Will DOMA be DOA in ’10?
A claim of "DOMA destroying legislation" making its way through Congress comes not as an optimistic pronouncement from GLBT equality groups seeking to secure marriage equality for gay and lesbian families, but rather as a cry of alarm from anti-gay blogger Peter Labarbera, who runs the GLBT-bashing site Americans for Truth About Homosexuality.
A Dec. 17 article at anti-gay religious site OneNewsNow says that the Domestic Partnership Benefits and Obligations Act, which provides family benefits for gay and lesbian employees of the federal government, is "a back-door attempt to achieve federal recognition of same-sex ’marriage,’" and quotes Labarbera as saying, "This appears to be a violation of the spirit and the law of DOMA."
DOMA, or the "Defense of Marriage" Act, is an anti-gay 1996 law that stipulates that the federal government will only recognize marriage as the legal union of a heterosexual couple. The law also grants states the right to ignore marriages bestowed in other states, a provision that some say violates the U.S. Constitution’s "full faith and credit" clause. A legal challenge to DOMA on those grounds is currently underway in federal court.
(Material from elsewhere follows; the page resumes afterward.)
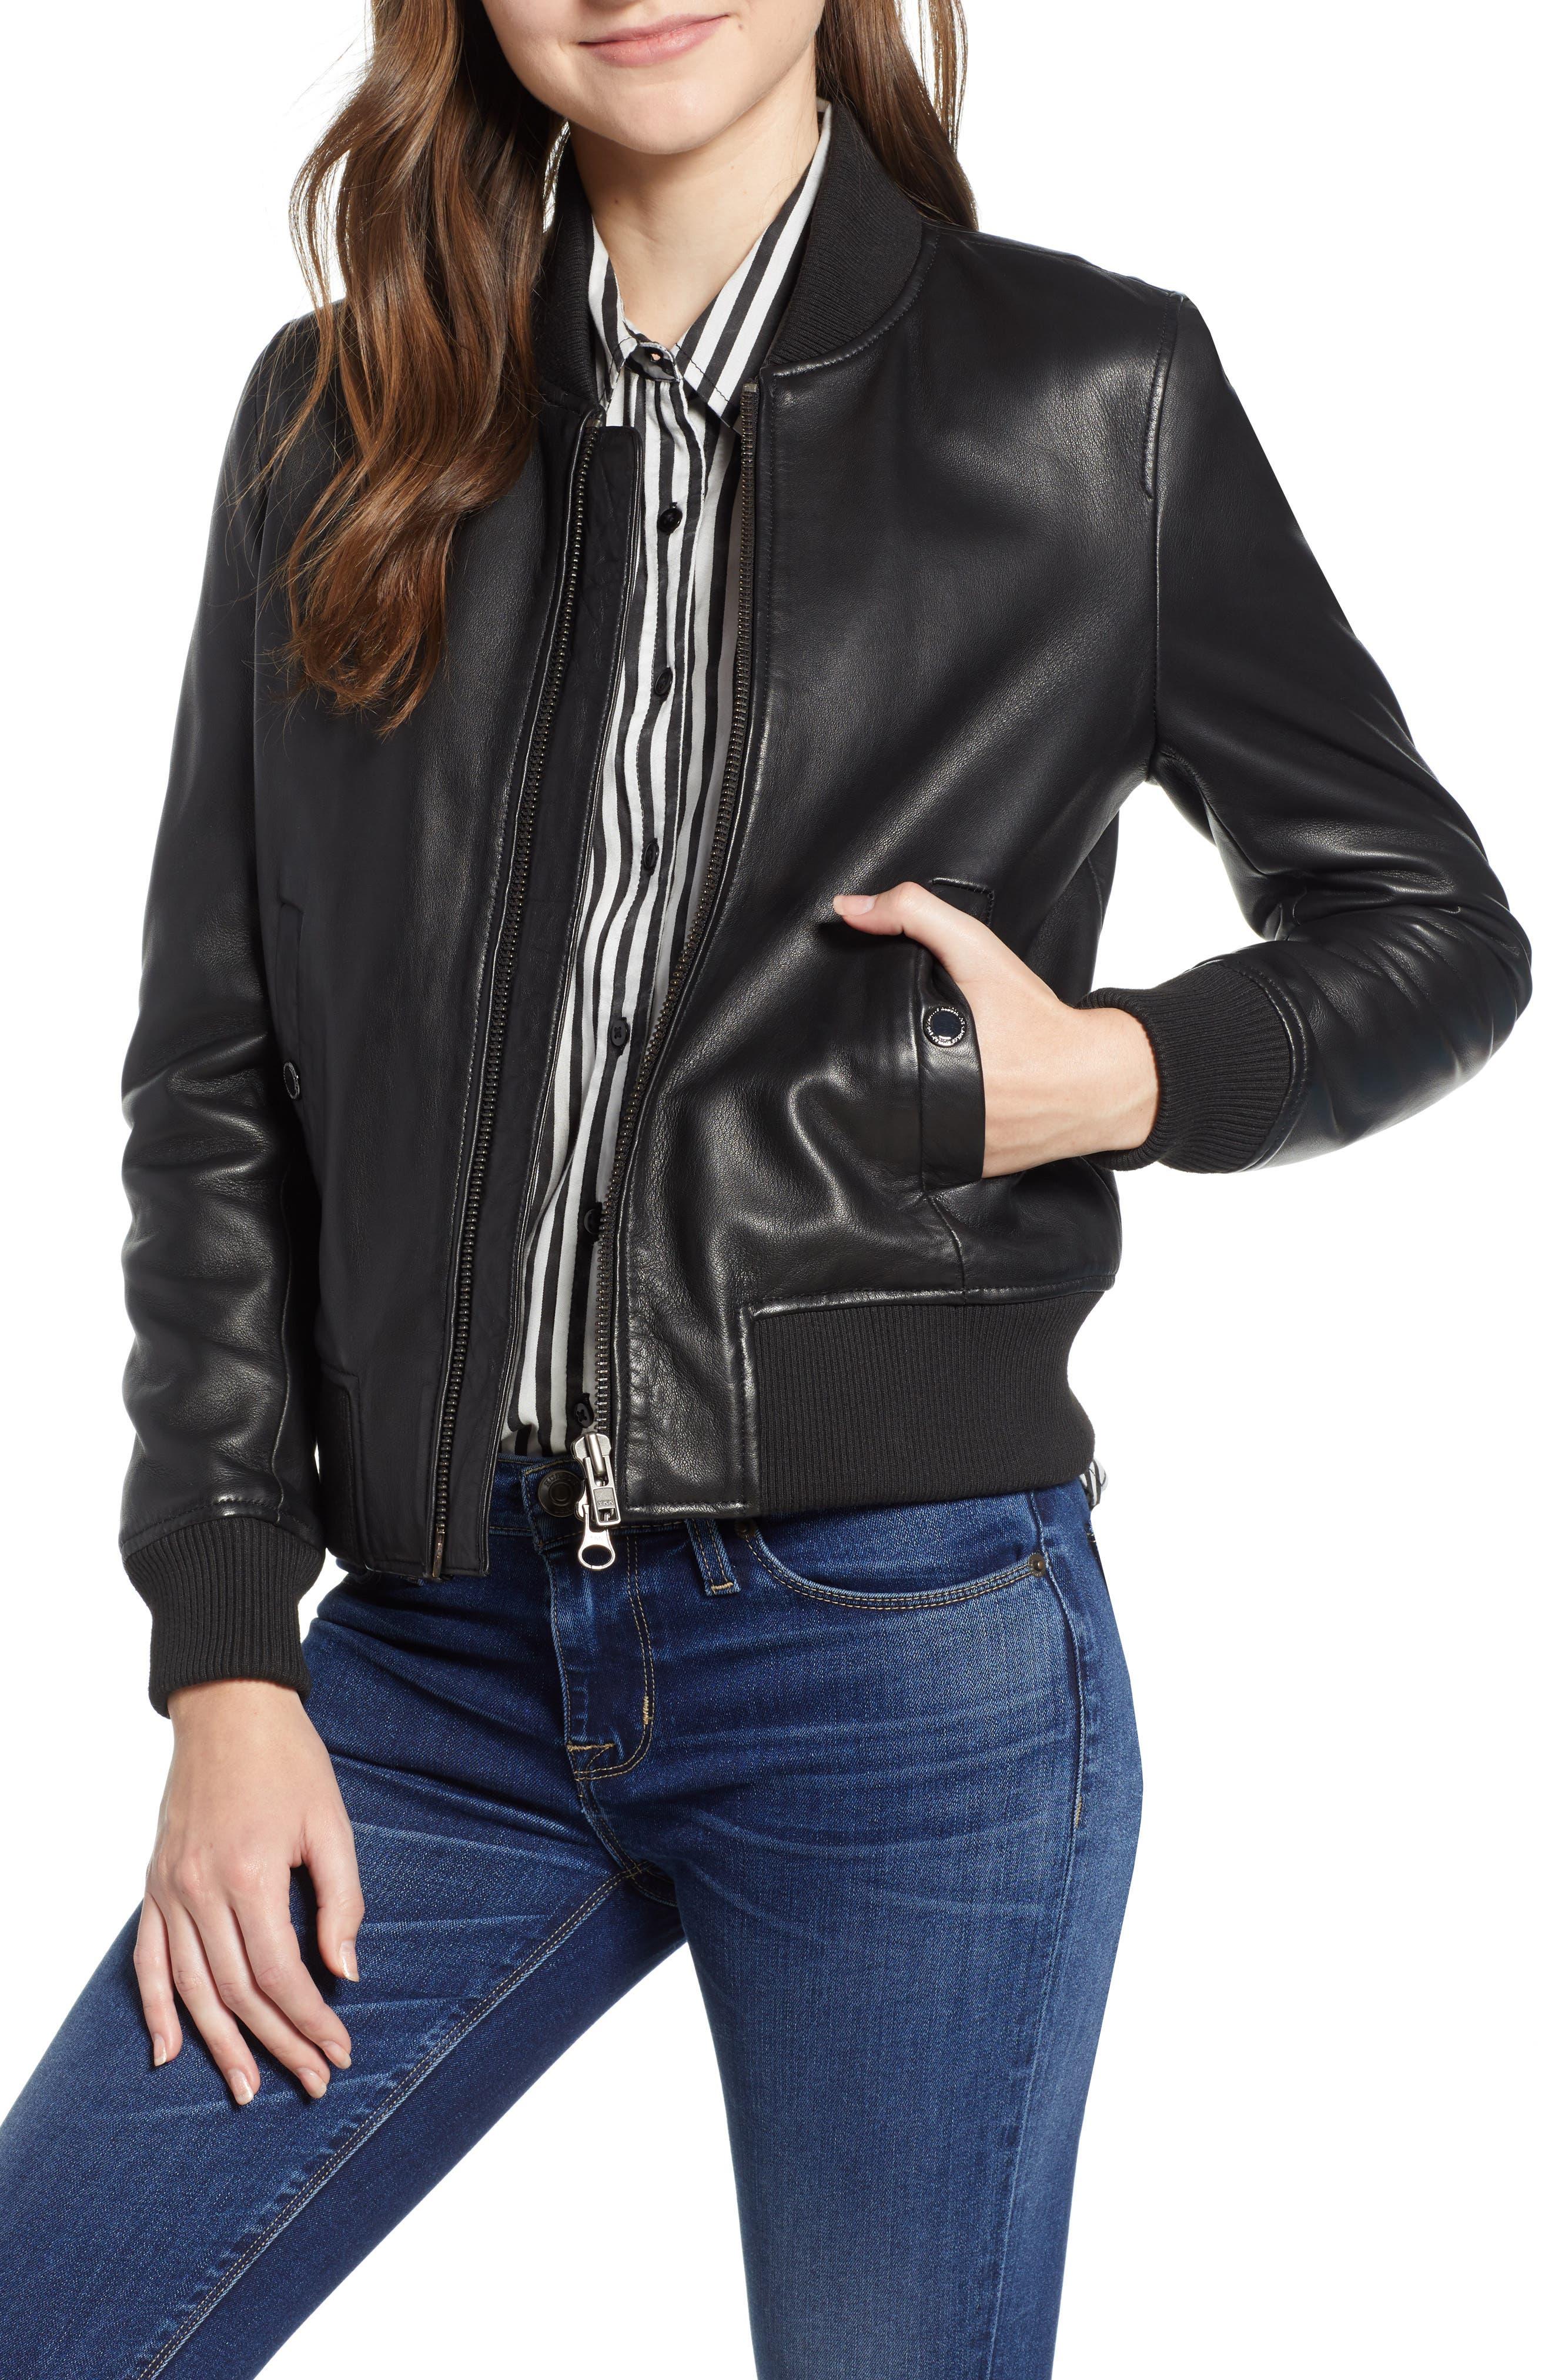 HUDSON Zip-Front Leather Bomber Jacket in Black

"DOMA was intended to encourage marriage, the recognition of marriage by the federal government, and this is the repudiation of that," claimed Labarbera, who opposes marriage for gay and lesbian couples. "This is giving marital benefits to both homosexuals and heterosexual ’shack-up’ couples. It’s very bad public policy for the federal government to de-incentivize people getting married... and that’s exactly what this legislation would do."
But right-wing howls of impending doom notwithstanding, Newsweek predicts that DOMA is safe for the coming year, in which midterm elections will take place. "Many activists believe that in his heart Obama supports their flagship issues: the ability to serve openly in the armed forces, to be protected from employment in the workplace, and the right to marry (even though he’s on record as favoring civil unions over marriage)," a Newsweek article titled "Obama Does Nada on Gay Rights" read.
"But they’ve received almost nothing for their troubles," the article notes. "What the lesbian, gay, bisexual, and transgendered community has learned this year is that the president is ultimately a pragmatist. Although his very presence in the White House is the stuff of culture wars, Obama himself is reluctant to wade into one. Moreover, if socially divisive policies have the potential to compromise his legislative agenda, Obama has proven that he simply won’t pursue them.
"Expect this tension to become more acute as the 2010 elections loom-and for gay rights to be shunted aside again," the article continued. "The last thing this pragmatist president will do is hand election-year ammunition to an already energized conservative base that’s venomously opposed to gay marriage."
Obama is not alone; openly gay Massachusetts Rep. Barney Frank has come out as not in support of another bill in Congress called The Respect for Marriage Act, which would repeal DOMA and protect marriage--all marriages, that is--by granting federal-level recognition to families, gay or straight, who had been married in any jurisdiction. "It’s not anything that’s achievable in the near term," Frank told the media, saying that a host of other, more easily achievable objectives ought to take precedence.